Small-pane timber sash and case glazing throughout. Grey slate roof; tall octagonal cans with bevelled faces, heavily moulded at top; cast-iron rainwater goods to rear elevation and to courtyard ranges.
S (FRONT) ELEVATION: symmetrical 18-bay elevation comprising 2-storey, 5-bay blocks between end towers, made up of pair of 4-storey turrets flanking 3-storey canted bay, and central tower with 5-storey octagonal turrets flanking 4-storey entrance bay. SW and SE towers: square-plan, comprising 4 ogee-domed angle turrets with advanced canted bays between (to 2 exterior faces), surmounted by castellated parapet and polygonal flues. Central tower: 4 domed, lanterned octagonal turrets, with moulded Tudor-arched entrance and 3-storey oriel window between 2 front towers. 5-bay blocks between towers: pair of 5-bay, 2-storey buttressed and castellated ranges linking SW and SE end towers with central tower.

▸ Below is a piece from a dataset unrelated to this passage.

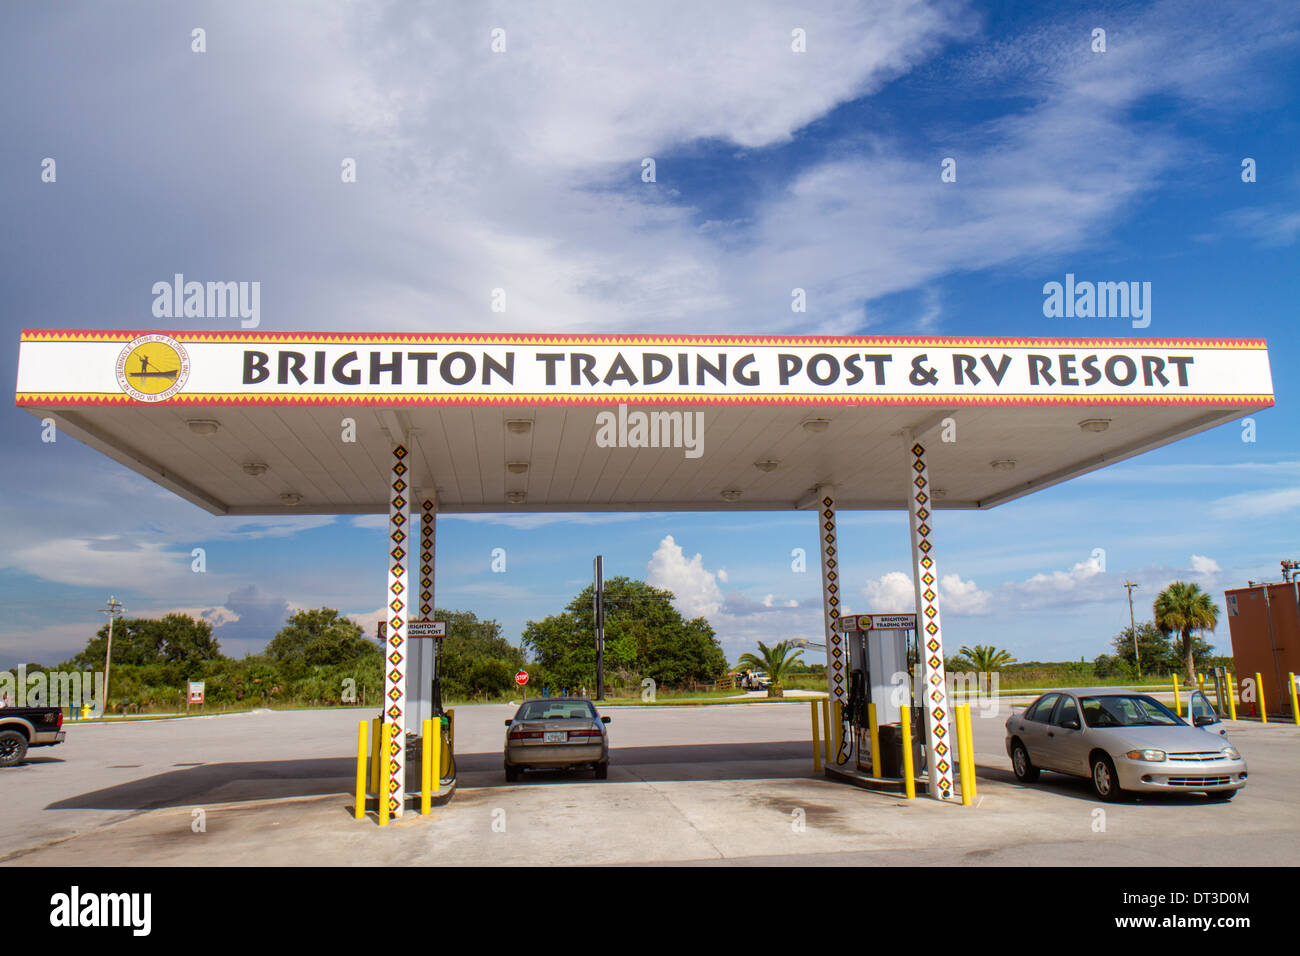 Florida Okeechobee Seminole Tribe Brighton Indian Reservation Native American Trading Post & RV Resort gas station petrol gasol - Stock Image

W (SIDE) ELEVATION: symmetrical 19-bay elevation comprising end towers (articulated as S faces of SW and SE towers above) with 2-storey, 13-bay block between (articulated as 5-bay blocks to S elevation above), with entrance at ground, 4th bay from S end, as follows: Tudor-arched opening in rectilinear surround with corbelled hoodmould; 2-leaf coffered timber door with coffered band above and multi-pane fanlight with vertical astragals.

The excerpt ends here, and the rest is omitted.